Laras bedil dan moncong senapan mengarah ke mereka. Lalu, letusan bertubi-tubi terdengar. Ratusan raga rebah ke tanah, bersimbah darah, dan sunyi tanpa suara. Sebanyak 431 orang meregang nyawa hari itu, sebagian wanita dan anak-anak.
Setahun sebelumnya, pasukan KNIL yang di dalamnya juga ada prajurit baret hijau DST (Depot speciale Troepen) menebar maut di sejumlah desa di pinggiran Kota Makassar dan Gowa. Di bawah pimpinan Kapten Raymond Pierre Westerling, serdadu Belanda itu membantai ribuan warga desa dengan dalih menumpas pemberontakan.
Kisah kekerasan dan kebrutalan pada era 1945-1949 praktis ada di mana-mana dengan skala berbeda. Hampir semua kota di Indonesia memiliki local heroes yang diwarnai kisah-kisah kekejaman Belanda. Sebagian menjadi mitos karena miskinnya verifikasi, lalu redup oleh perjalanan waktu.

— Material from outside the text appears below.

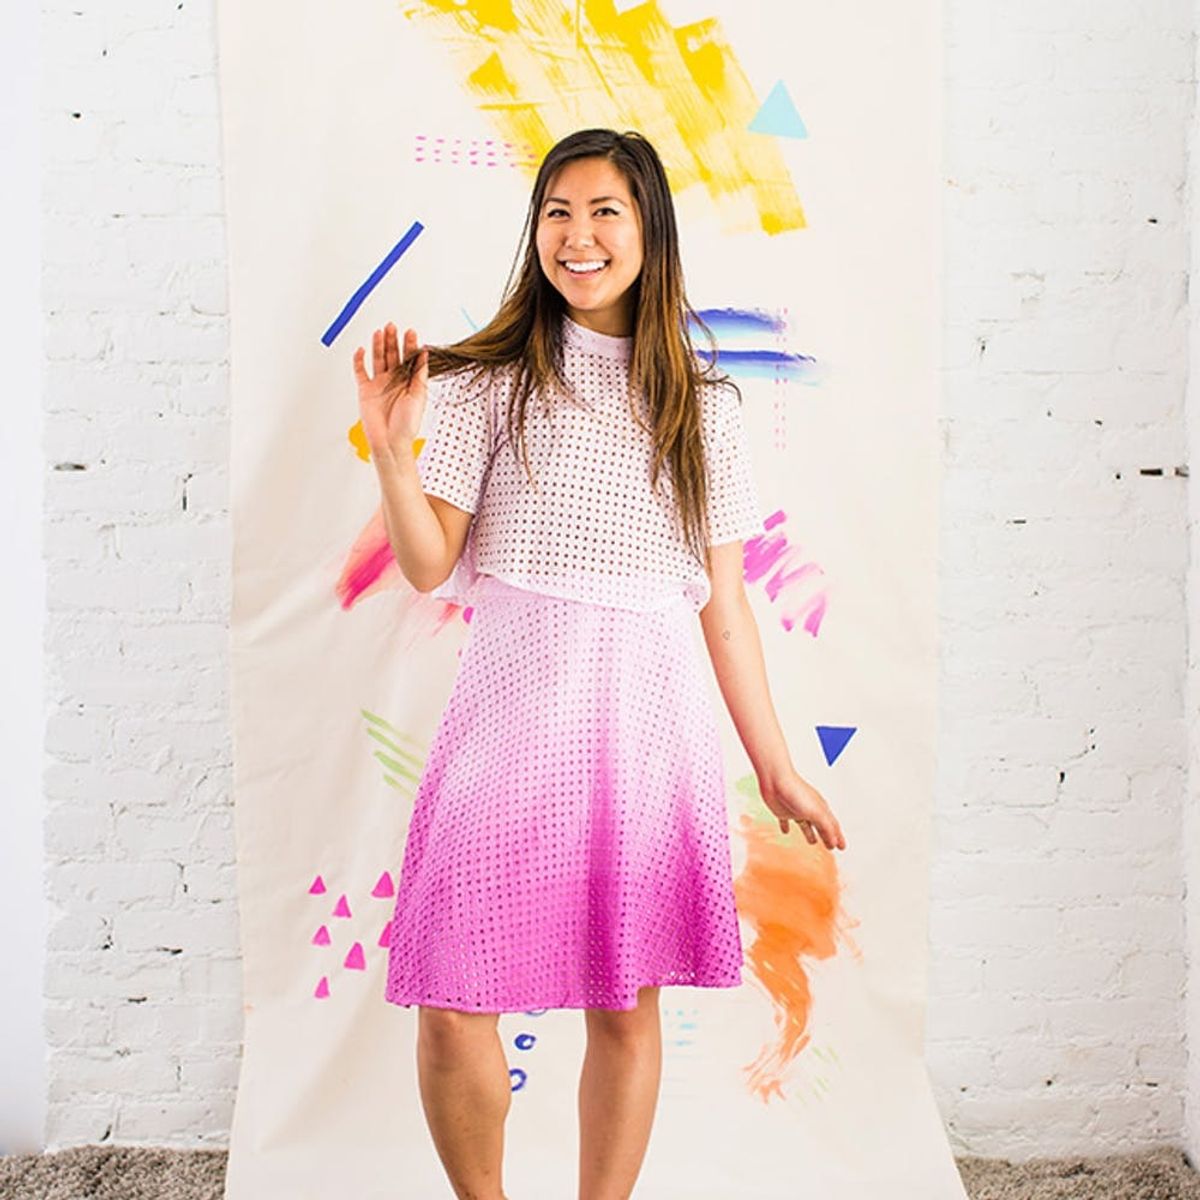 Jump into Spring With This DIY Dip Dye Ombré Dress

Pemerintah RI yang masih muda memang tak bisa berbuat banyak. Dalam kasus Rawagede, Pemerintah RI hanya bisa mengadukan peristiwa pembantaian itu ke Satuan Tugas (Satgas) PBB, yakni Committee of Good Offices for Indonesia (Komisi Jasa Baik untuk Indonesia), yang ketika itu hadir di Jakarta. Komite itupun hanya bisa mengecam dengan menyebut tindakan serdadu Belanda itu “disengaja dan kejam”, tapi tak bisa memberi sanksi apapun.
Bertahun-tahun persoalan itu mengambang. Sejarah pun dikonstruksikan dengan cara yang berbeda. Di Belanda, tindak kekerasan itu disebut penumpasan pemberontakan, penegakan hukum, dan ketertiban yang diganggu kaum ekstrimis, atau melindungi warga Belanda dan kepentingan Kerajaan Belanda dari kekejaman kelompok bersenjata yang haus darah. Pihak Indonesia membangun narasi bahwa korban itu adalah kusuma bangsa yang rela menyerahkan jiwa raganya untuk kemerdekaan bangsanya.

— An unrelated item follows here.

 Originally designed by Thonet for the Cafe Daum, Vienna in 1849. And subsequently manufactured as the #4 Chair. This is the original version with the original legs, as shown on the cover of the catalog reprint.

Dalam perjalanannya, narasi-narasi itu dianggap tak mewakili ide-ide yang berkembang terkait dengan tatanan hukum baru yang melindungi hak-hak asasi manusia. Kejahatan perang tidak boleh dibiarkan. Seorang veteran KNIL yang terlibat kasus Rawagede menulis surat penyesalan 20 tahun kemudian. Ia menulis surat itu karena tak bisa menerima pembantaian serupa yang menewaskan 20 warga di Desa Wamei, Gerderland, Belanda, oleh prajurit NAZI Jerman, September 1944. Tak lama, surat yang dikirim secara anonim itu menjadi surat terbuka yang menggegerkan parlemen Belanda.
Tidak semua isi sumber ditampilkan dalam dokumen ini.